INFORMATION PROVIDED »
┌──
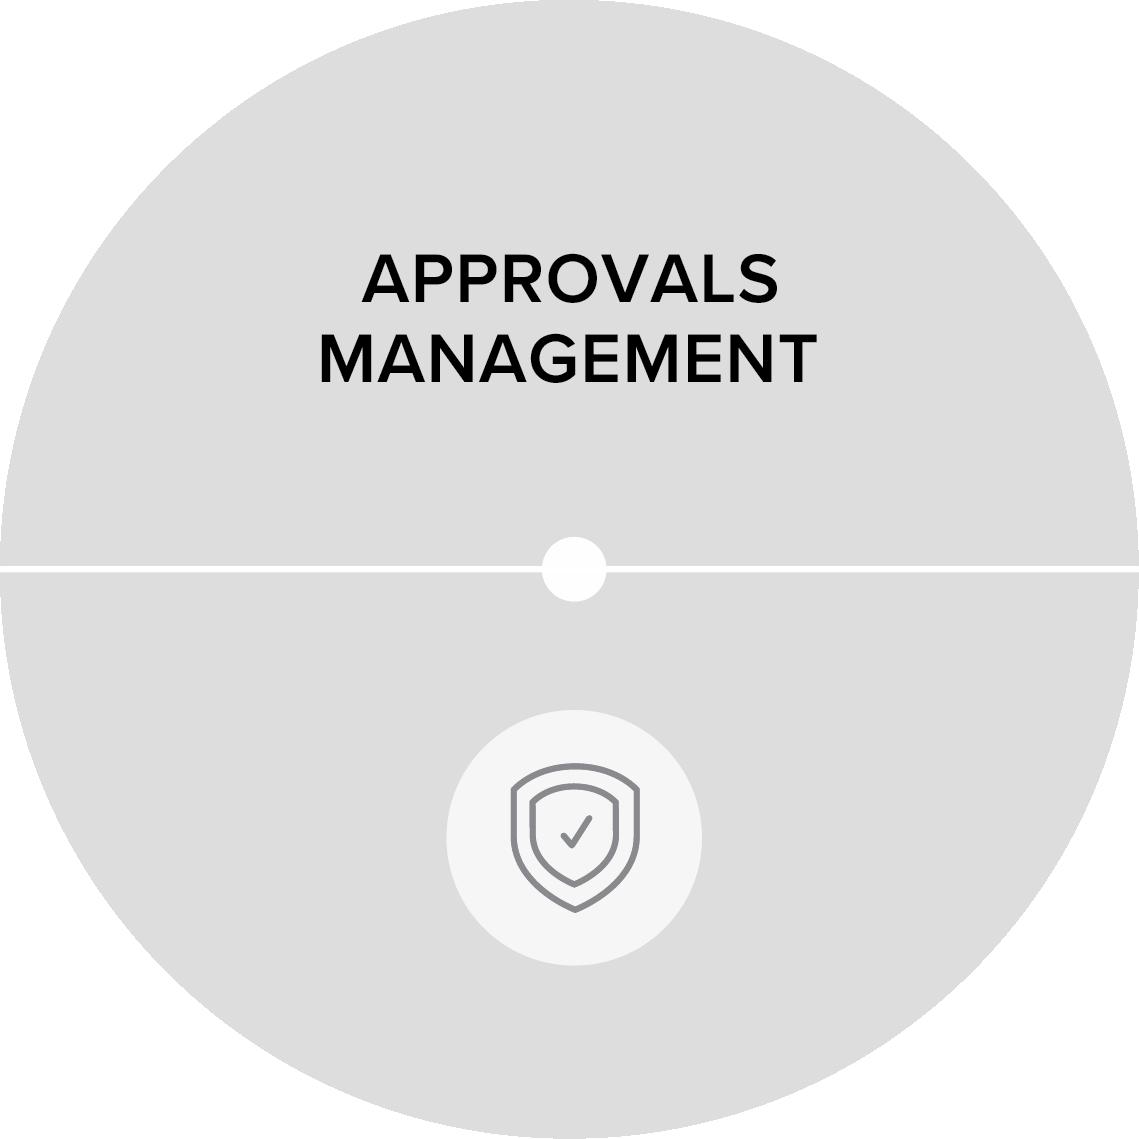 KDC_Approvals Management.png
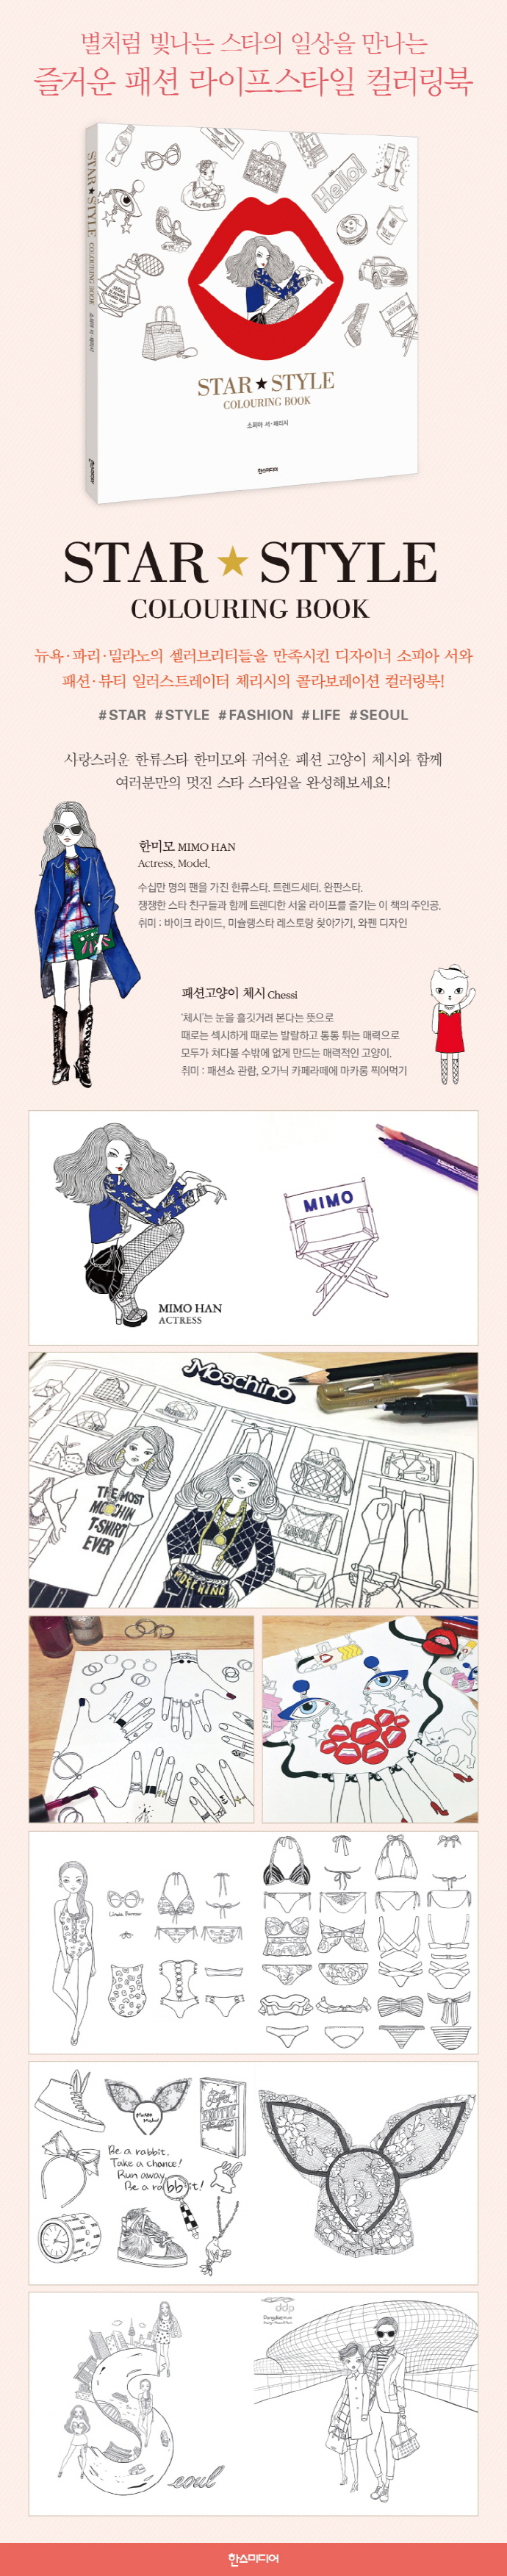 Star Style Colouring Book(스타 스타일 컬러링북) 도서 상세이미지
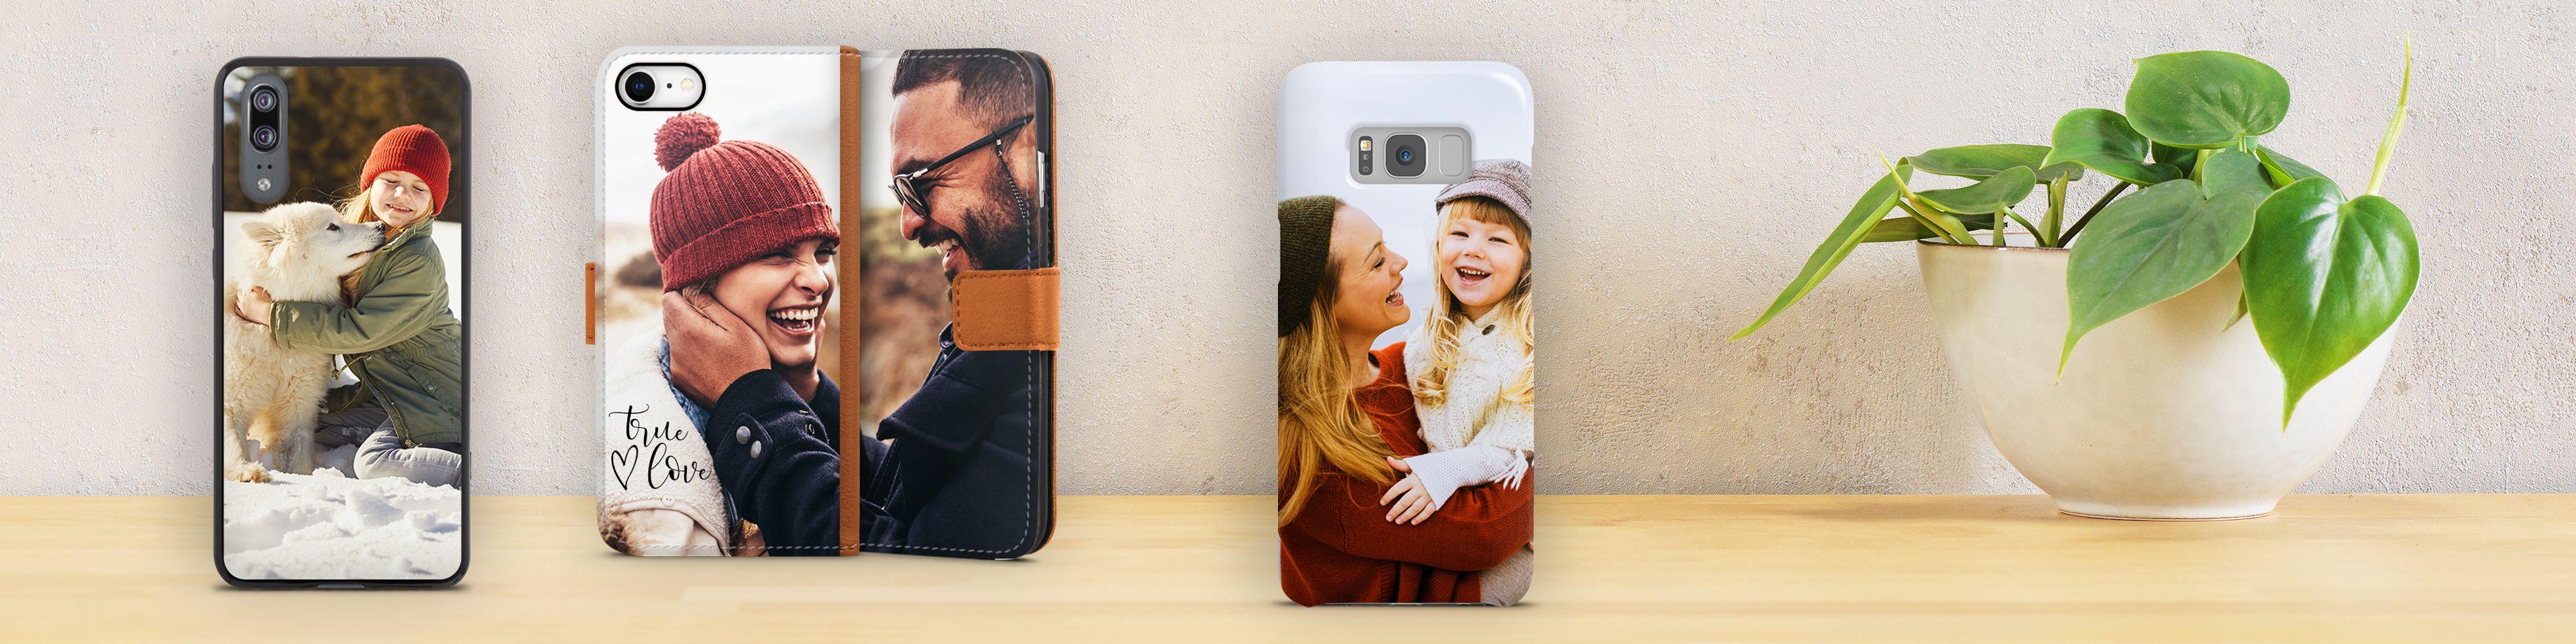 Handyhüllen mit Foto online selbst gestalten | CEWE
└──
ACTIVITY » Having located the line with "Star Style Colouring", transcribe exactly and only the lines from it to the final line of the material, skipping the pictures.

TASK RESPONSE »
 Star Style Colouring Book(스타 스타일 컬러링북) 도서 상세이미지
 Handyhüllen mit Foto online selbst gestalten | CEWE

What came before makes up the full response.